How you know that there is lag ...
By observing kernel latency timer values.
Over 1000 = 1ms this is too high and a system is regarded as not suitable for audio.
The lesser this value is with best no high spikes / peak the better your CPU cores are able to quickly react on a workload. I mentioned already my usual and best values on my desktop system.
On a company laptop Lenovo T540 P around 6y ago I achieved kernel latency values around 50-60 us. For Internet browser I had to enable the separate nvidia GPU for this application otherwise I got audio dropouts at 32 samples ASIO buffersize because graphic use of a GPU which is integrated into CPU has higher prio for things like accessing the shared DRAM and this can cause issues.
idle system (freshly booted, just logged in, wait until all startup processes and services have loaded (no disk activity)).
No applications running or opened.
During test no movement of mouse pointer as this also generates interrupt's of mouse driver.

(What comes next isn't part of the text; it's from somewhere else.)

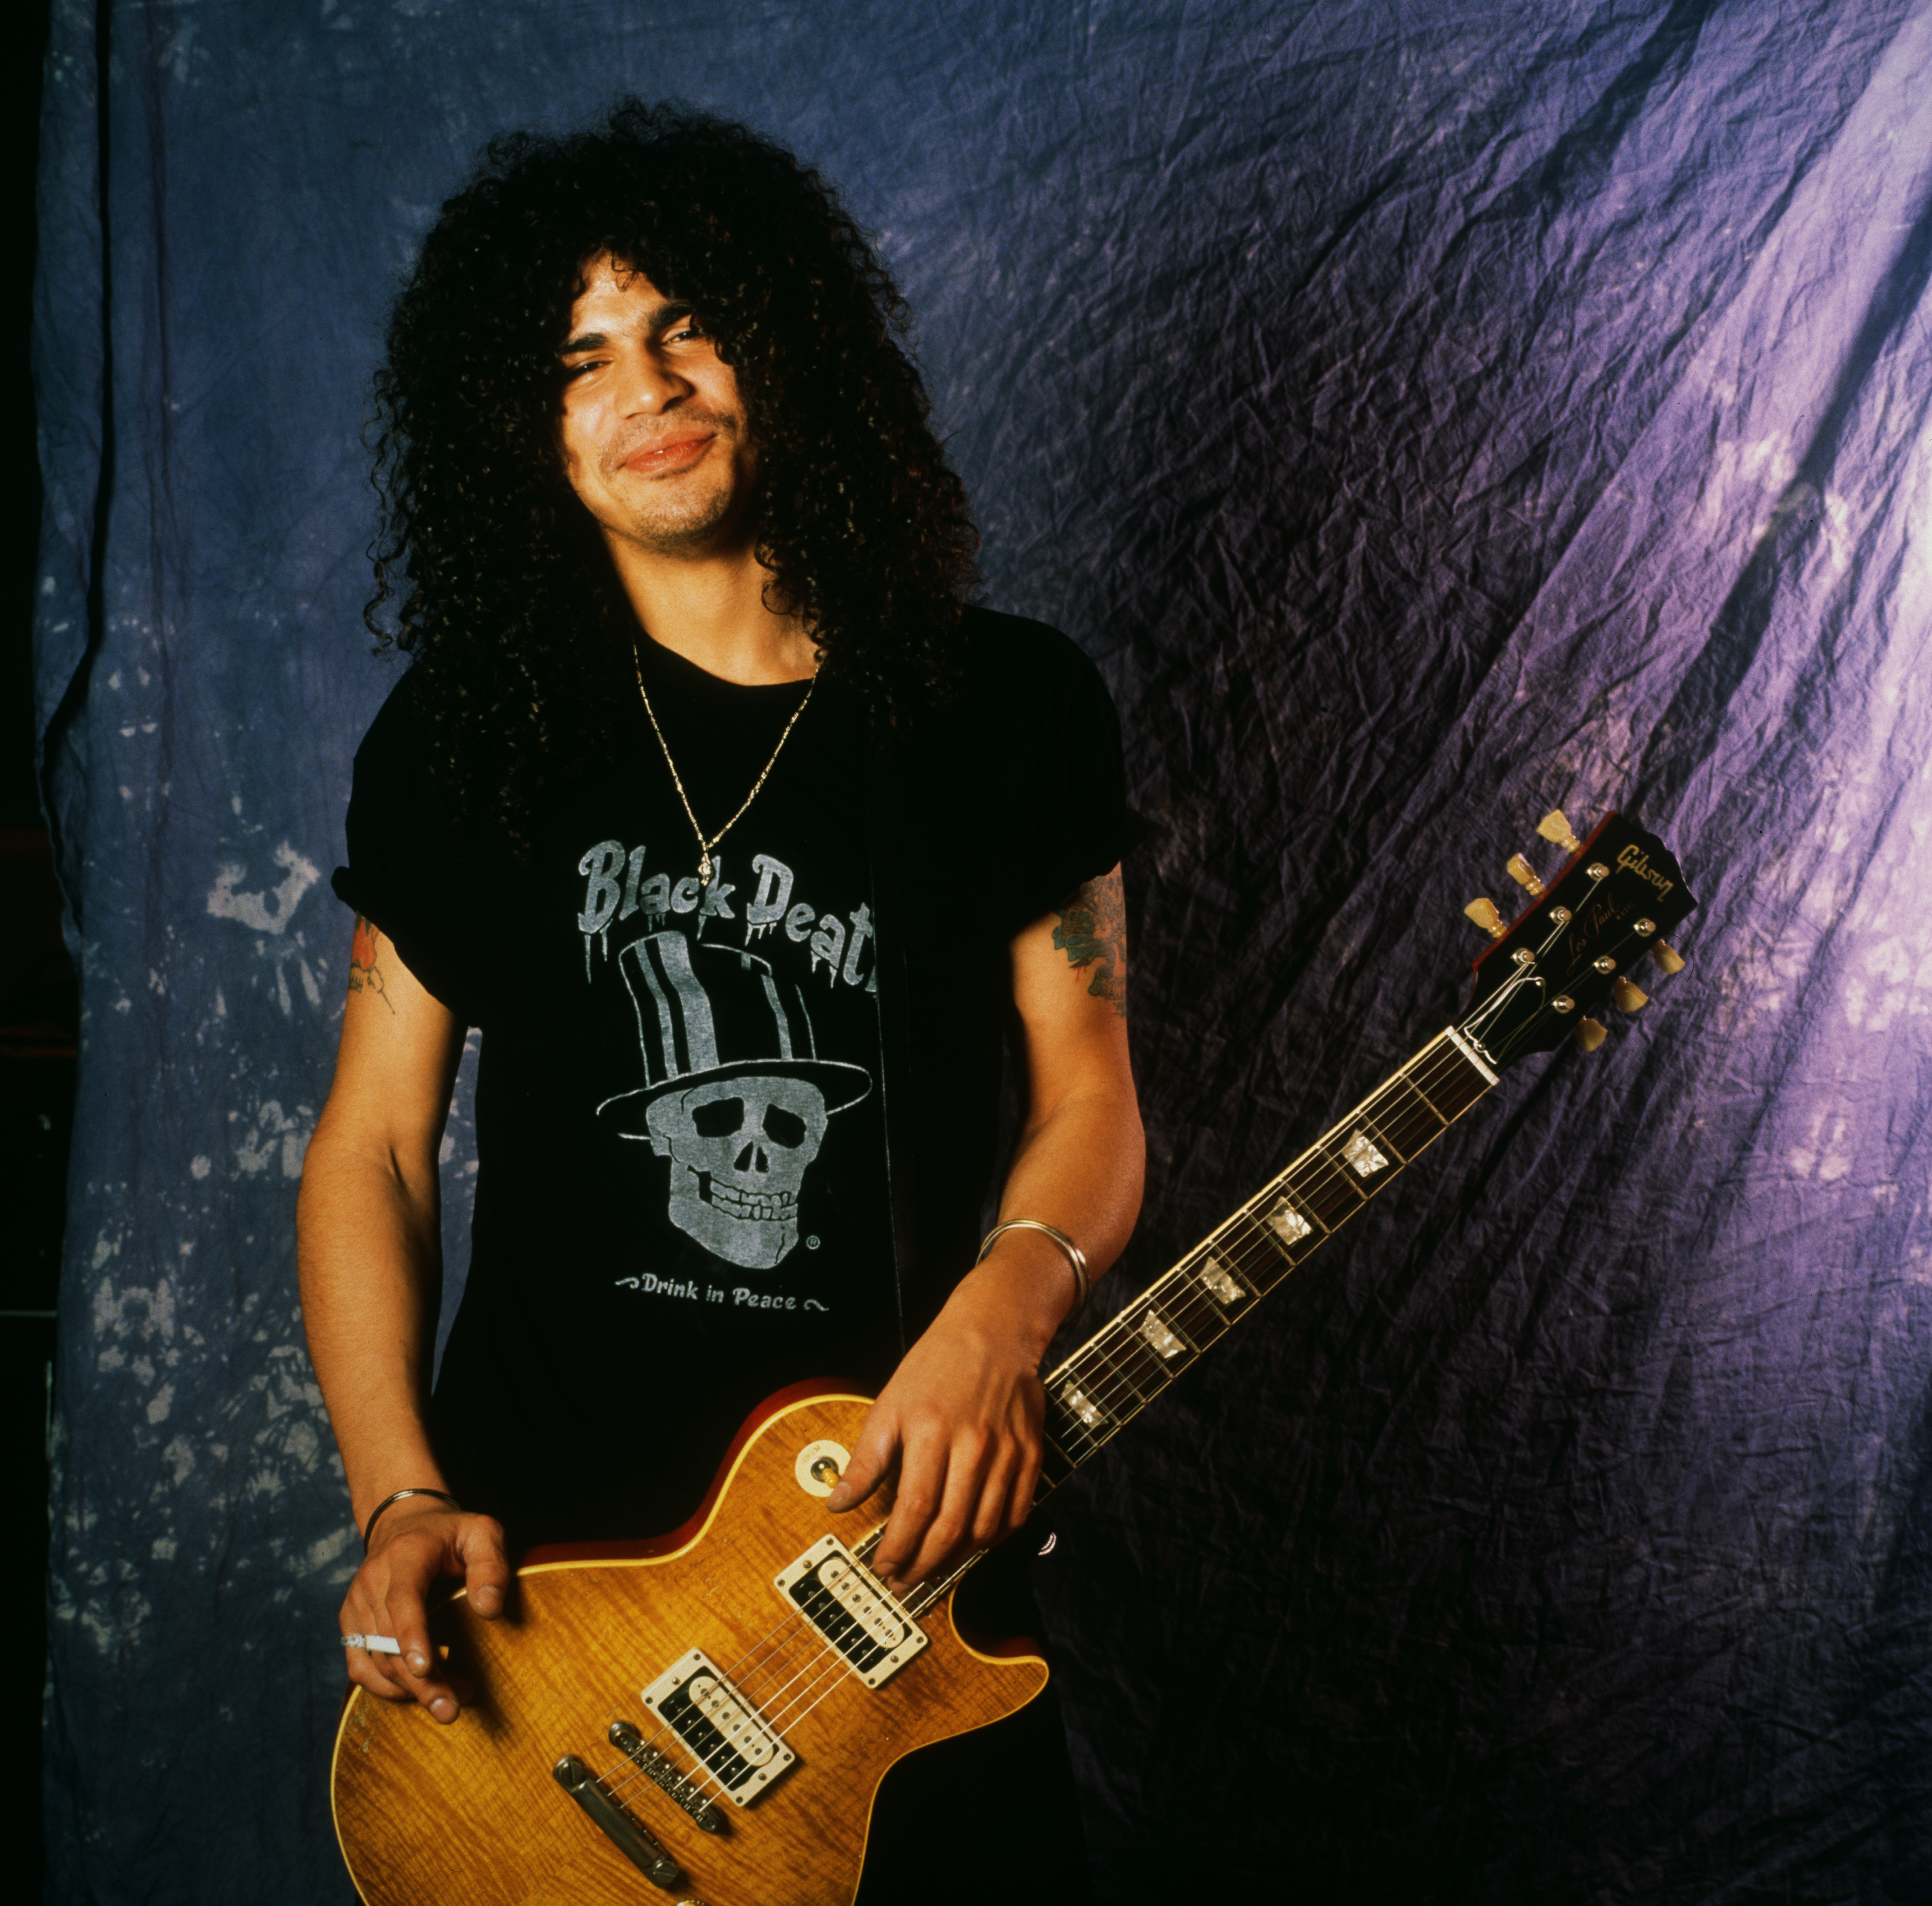 Slash Guns N Roses : slash guns n 39 roses lead guitarist 1991 rolling stone interview rolling stone ~ Russianpoet.info Haus und Dekorationen

General tuning starts at BIOS level as here you define for your cpu certain parameters in terms of energy saving. The higher the sleep state that your cpu cores are allowed to enter the more time is required to wake them up until they are in useable state. This alone can take up to over 250 microseconds.
See this blog how I tuned my bios settings:
http://www.tonstudio-forum.de/blog/inde … -X10SRi-F/
Next steps are quite basic:
- disable not required devices in Bios
- install only required drivers, no Raid stuff etc
- avoid installation of add-on tools from laptop vendor. Be it for upgrades or blower control or wifi add on GUI. Most of these tools are badly coded and often cause much lag by too high check frequencies and who knows what they are all doing
- then it can happen that certain versions of drivers can be bad. So learn to know your hardware and what LatencyMon values you usually get
- you need to take the high performance energy profile otherwise lag/dpc will be higher
- try to disable cpu core parking
- set windows to priorize background tasks
Disable / stop certain Windows background processes. Be it animated icons in the startmenue, file indexing, disk defragmentatin (for ssd a nogo anyway).
You can also stop certain not needed Windows services. Especially those related to collection of user data.
Use O&Owin10shutup to harden Windows which also will stop some of these data collectors.
Avoid in windows task planning that certain maintenance programs will be started automatically.
When installing open source software some installers install not wanted 3rd party tools, sometimes you can only see it when choosing advanced installation options.
If you got your PC preinstalled then perform a new installation on your own as all preinstallation that I saw so far are more or less crap.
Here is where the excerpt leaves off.